Be Successful in Forex Trading

You may be a novice to Forex market trading, but that doesn’t mean you can’t make a lot of money swapping currencies. It is risky, and it is just as simple to lose money as it is to make it, but if you keep a few basic rules you can end up coming out in the black even if you do lose some money at first. Here are a few sure-fire tips the pros use to turn a profit on the Forex market.

1 Choose the currency pairs that are right for you: Some currency pairs are volatile and move a lot even within one day. Some currency pairs are steady and make slow moves over longer time periods. Based on your risk parameters, decide which currency pairs are best suited to your trading strategy.

2 Decide how long you plan to stay in a position: Based on your currency pair selection, plan how long you want to hold your positions: minutes, hours, or days. Remember that depending on your account type, having open positions at 5 p.m. Eastern time may incur rollover charges.

3 Set your targets for the position: before you take a position you should establish your exit strategy. If the position is a winner, at what rate will you cash out? If the position is a loser, at what rate will you cut your losses? Then, place your stops and limits accordingly.

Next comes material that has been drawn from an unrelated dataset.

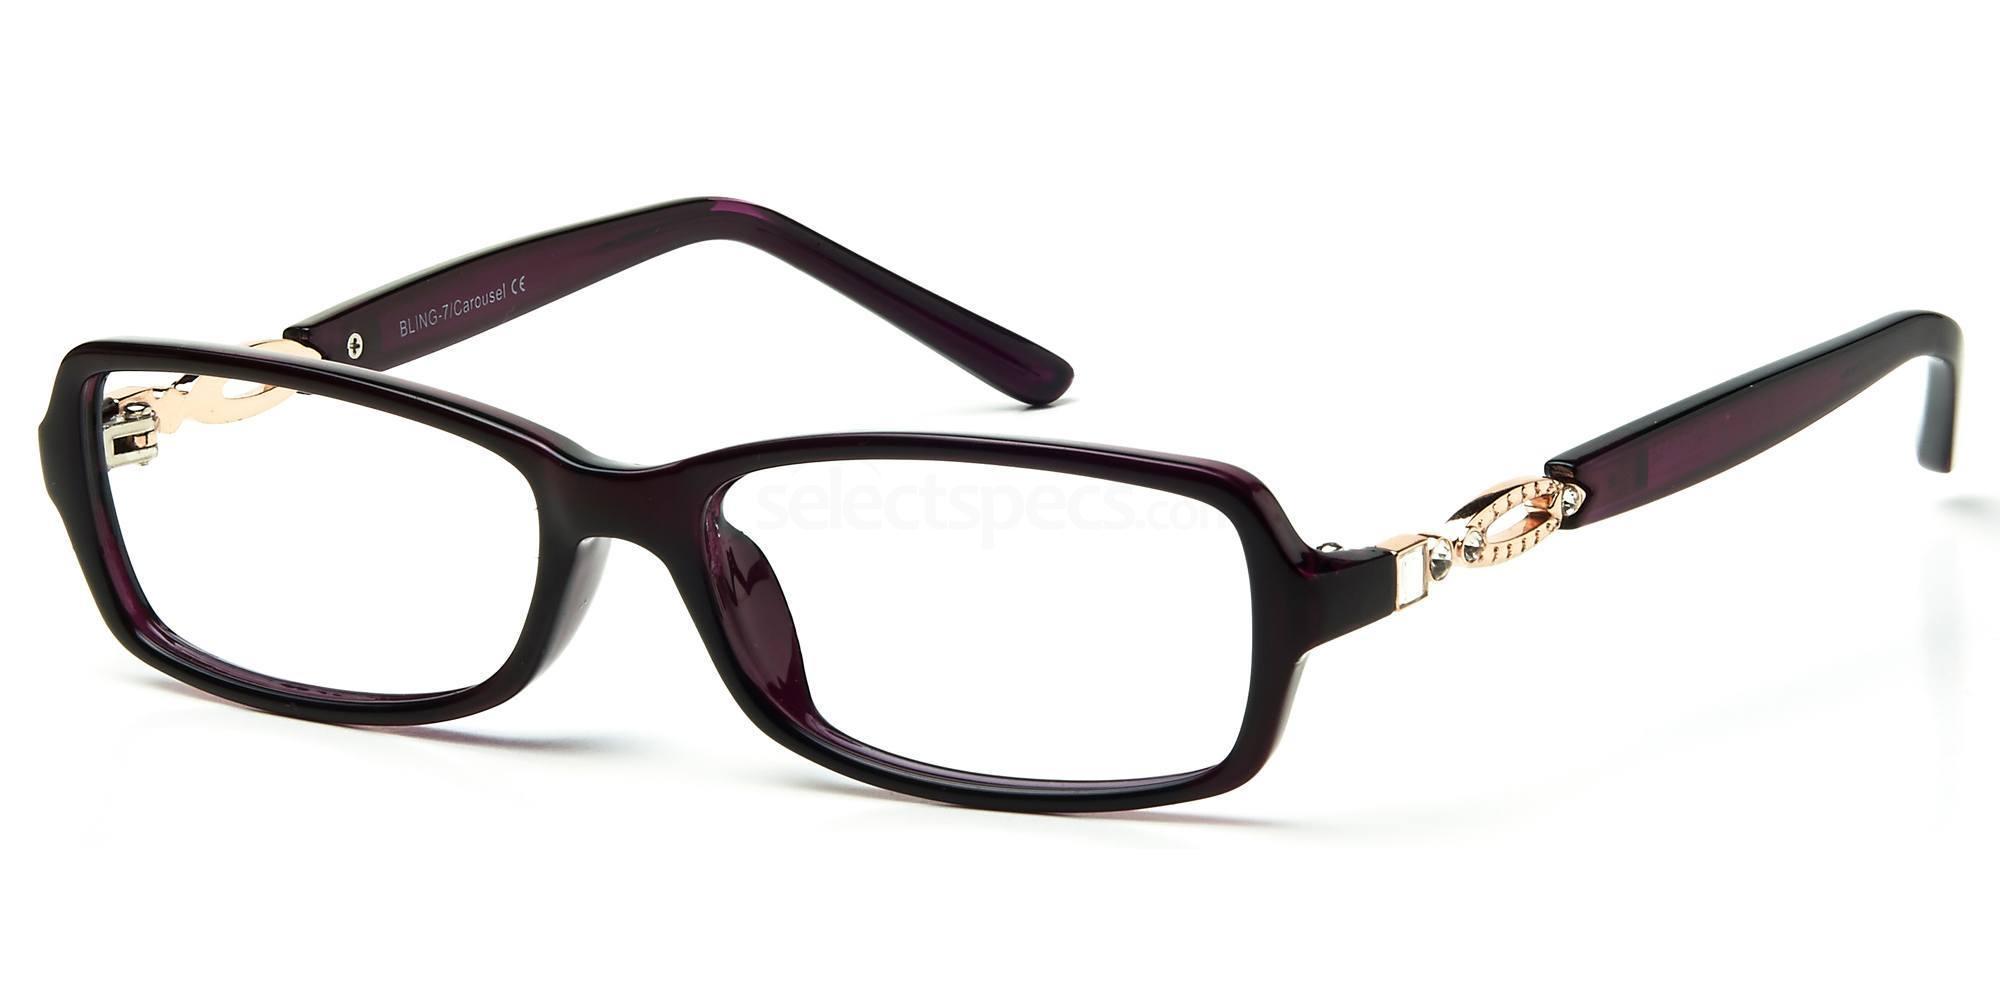 C1 BLING07 Glasses, Bling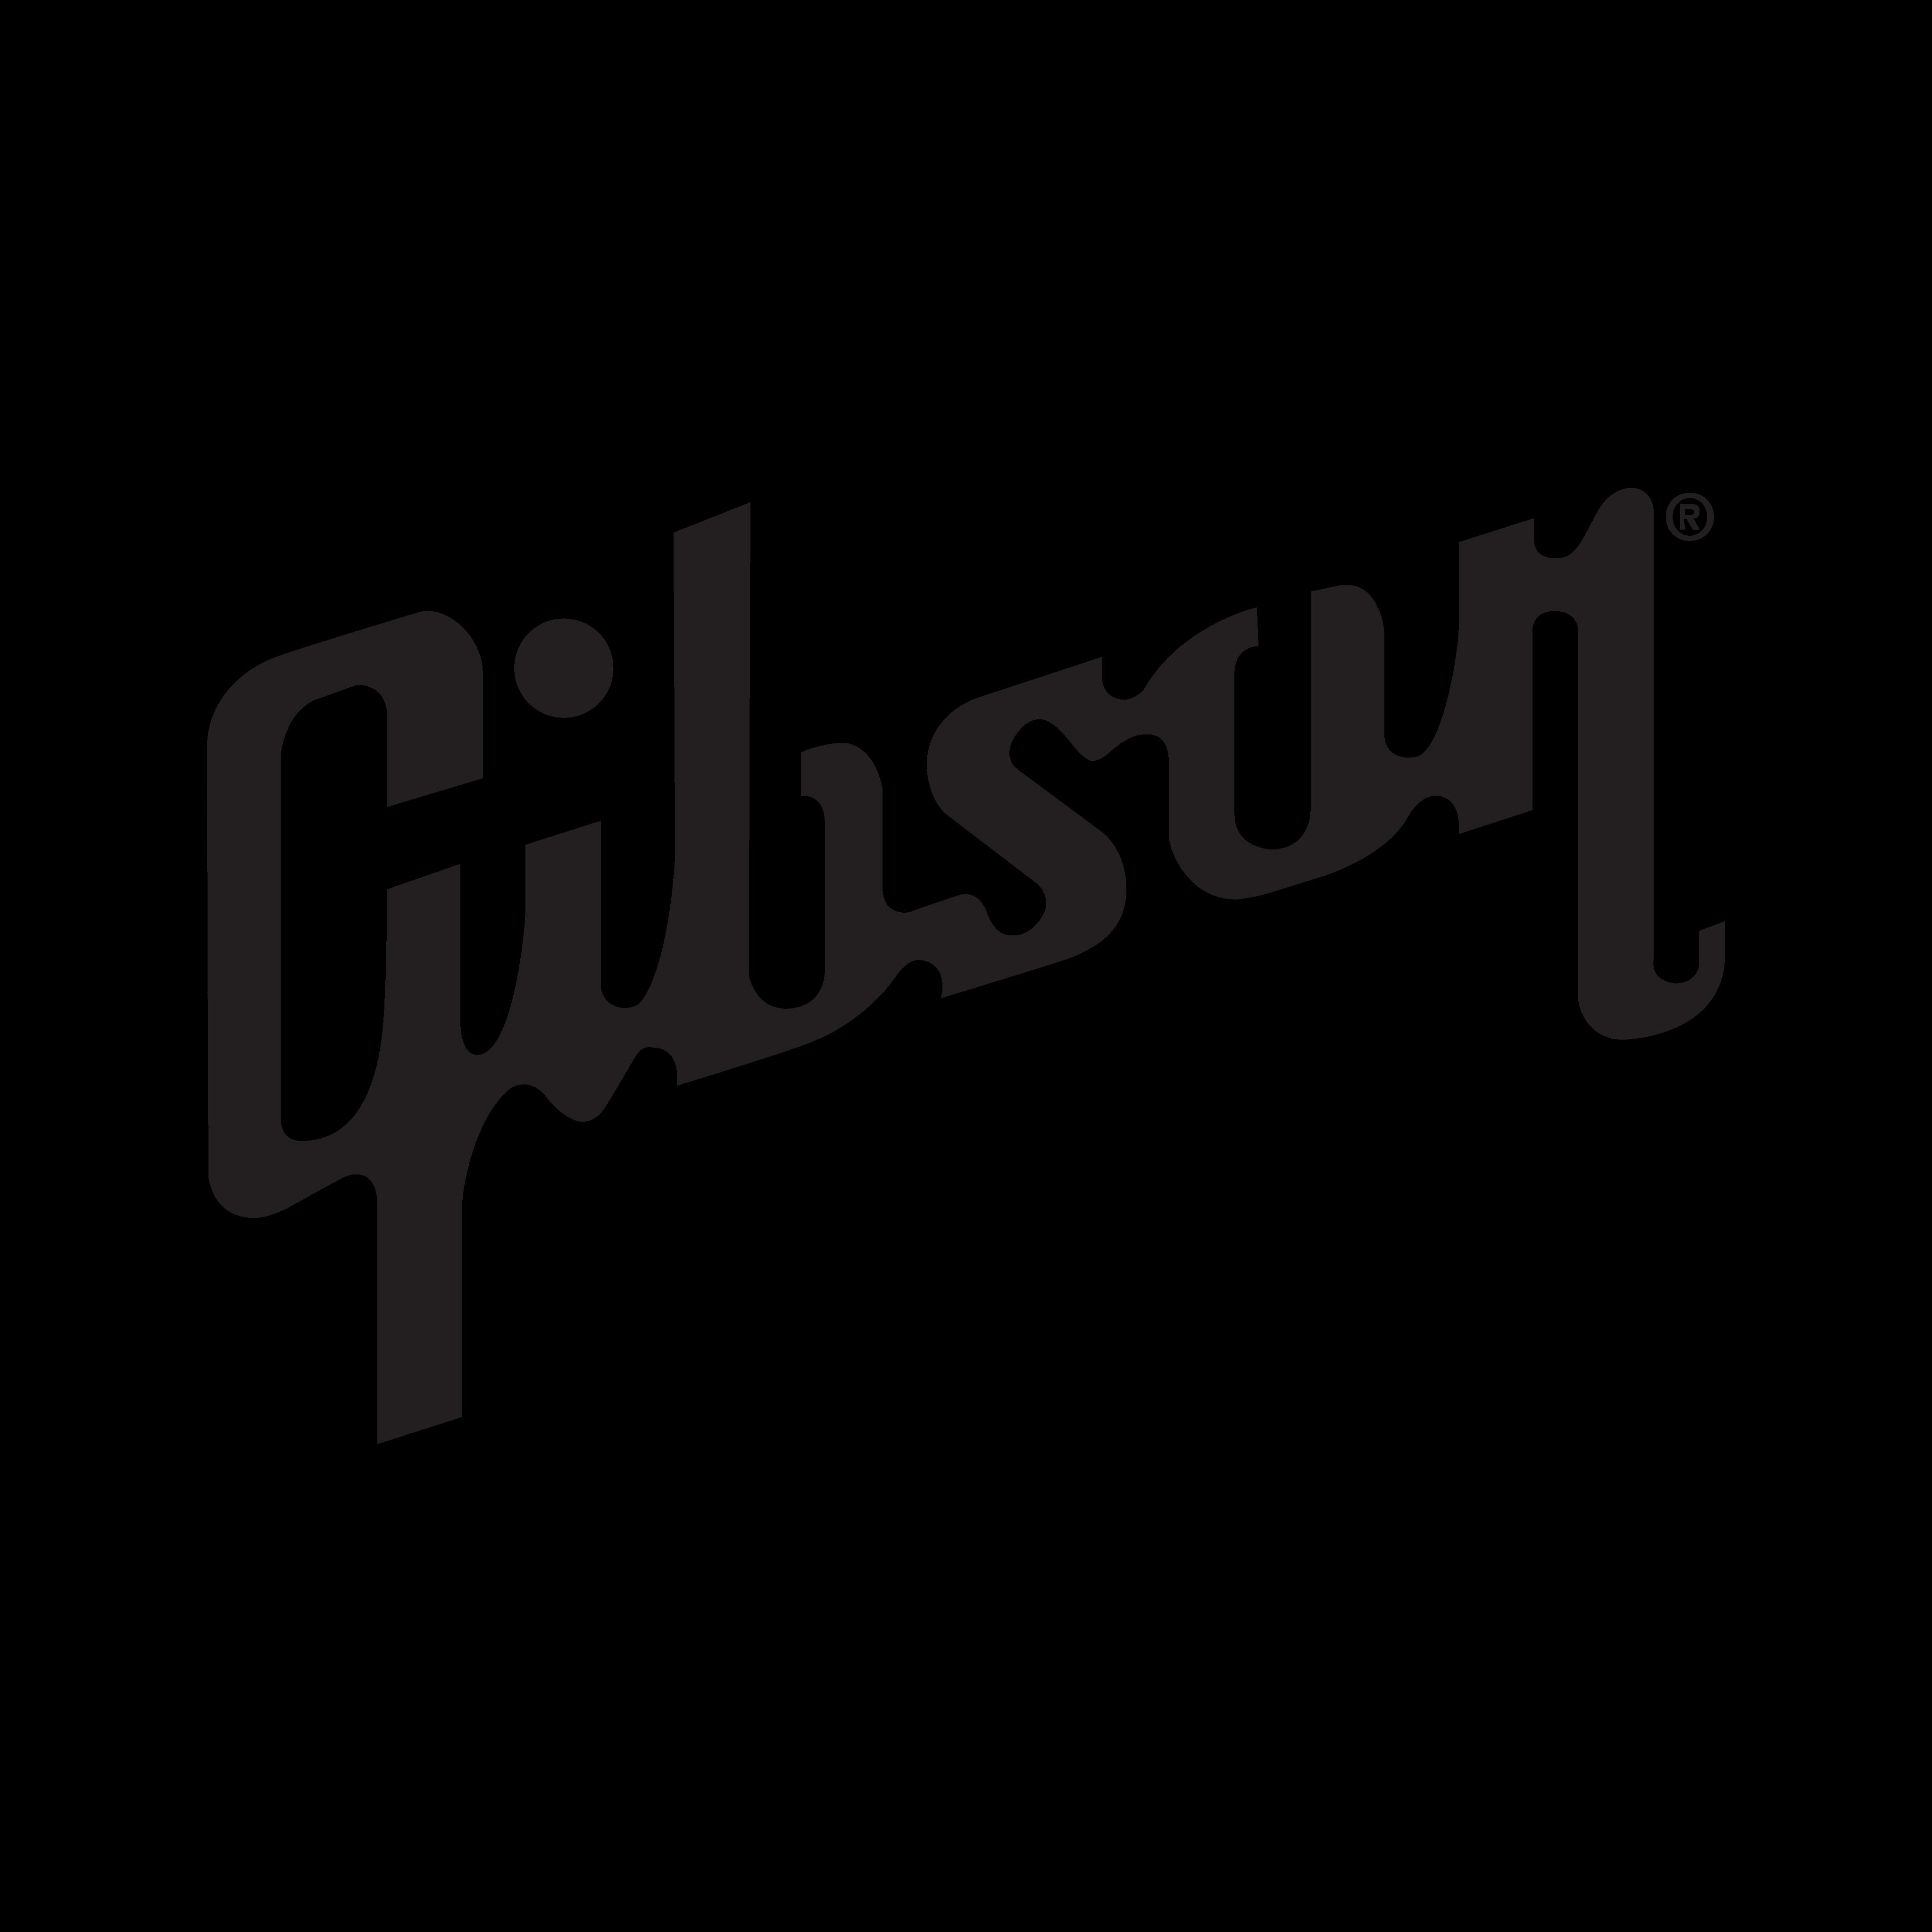 gibson logo 0 - Gibson Logo

4 Use Forex Charts: they are an indispensable tool to improve trading returns. You can easily recoup the money spent on a charting package from a Forex website with a single well-placed trade based on the analysis from professional charts.

5 Follow Forex News: Trading news provides breaking information on economic reports and political events that influence the currency market. You can also access detailed market commentary and trading strategies from experienced Forex traders.

6 Keep a Forex Diary: Most traders fail because they make the same mistakes over and over. A diary can help by keeping track of what works for you and what doesn’t. Used consistently, a well-kept diary is your best friend. Always include the date and time you took the position; the rate at which you took the position; the reason you took the position; your strategy for the position; the date and time you exited the position; the rate at which you exited the position; your profit/loss on the position; and why you exited the position.

Please keep in mind that Forex trading involves a high risk of loss: Never risk any more money than you can reasonably afford to lose.